Normally this would be called a crawlspace but the erosion and the age of the house has turned it into an unofficial cellar where a man can stand if he's under 6'5".  The floors and walls are made of the same sandy soil that makes up the whole coastal town and deep strong beams are sunk into the ground. From time to time communities of cats must be discouraged from holding whatever dark congregations they arrange through the use of traps, chemicals or simply finding and filling in the holes they make. There hadn't been a problem with the local feral felines in nearly a year, perhaps this should have been my first suspicion as I stepped upon the sand and heard a muffled crunch. Kicking the uneven sand revealed the skeleton of a cat, wrapped in its fur. devoid of flesh or fluid and preserved in gauze and the cool dry air beneath the house. I thought briefly of Egypt and their mummified crypt guardians and was about to leave when I saw it, a mound the size of a man. his face smoothed over, wrapped in threads of gauze and silk. Unlike the protagonist of many a horror movie I ran then and there. I knew I could not hear the tapping of the needle spiders on sand and staying home was not an option.
I now knew the location of my erstwhile renter and will be contacting the local police with this information.
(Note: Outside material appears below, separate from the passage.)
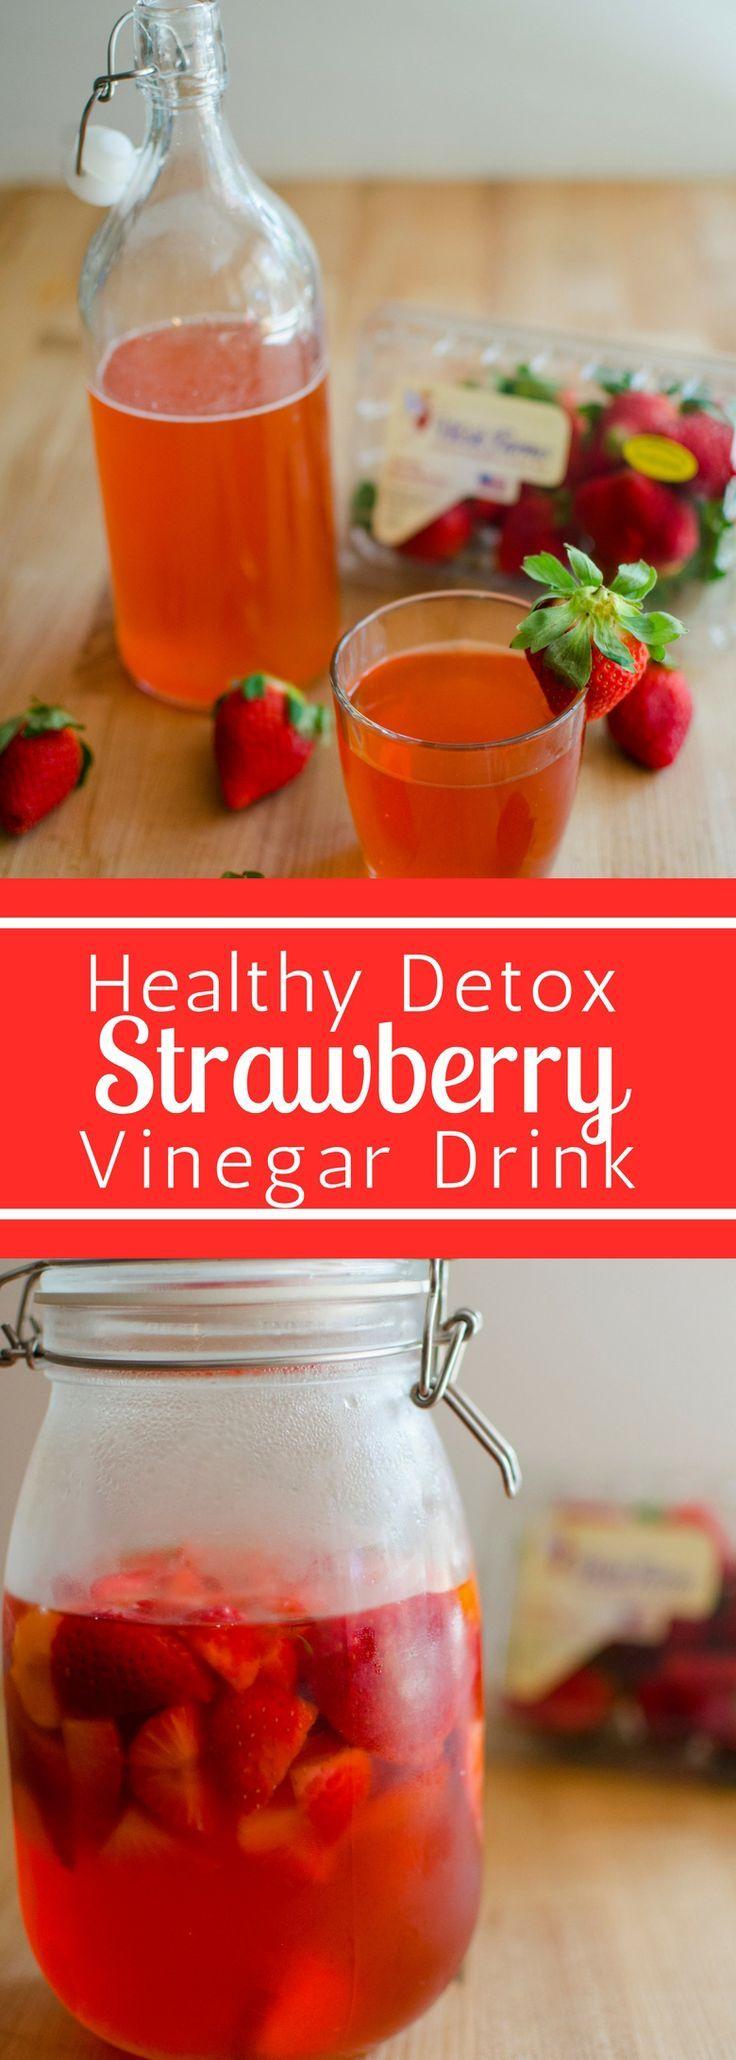 Flstrawberry Detox Vinegar Drink Sundaysupper If You Haven T Hopped On The Vinegar Drink Bandwagon Now Is Vinegar Drinks Healthy Detox Healthy Detox Cleanse

I will no longer be seeking monetary redress for his late rent. I have however sent you this letter. As a customer of your insurance company I have paid quite an exorbitant amount for your policy regarding loss property value or income due to vermin and other animals after the feral cat incidents over the past few years. I wish for you to please rid my house of this cryptozoological horror post haste as  I have potential renters coming in and I do not wish to have them exsanguinated.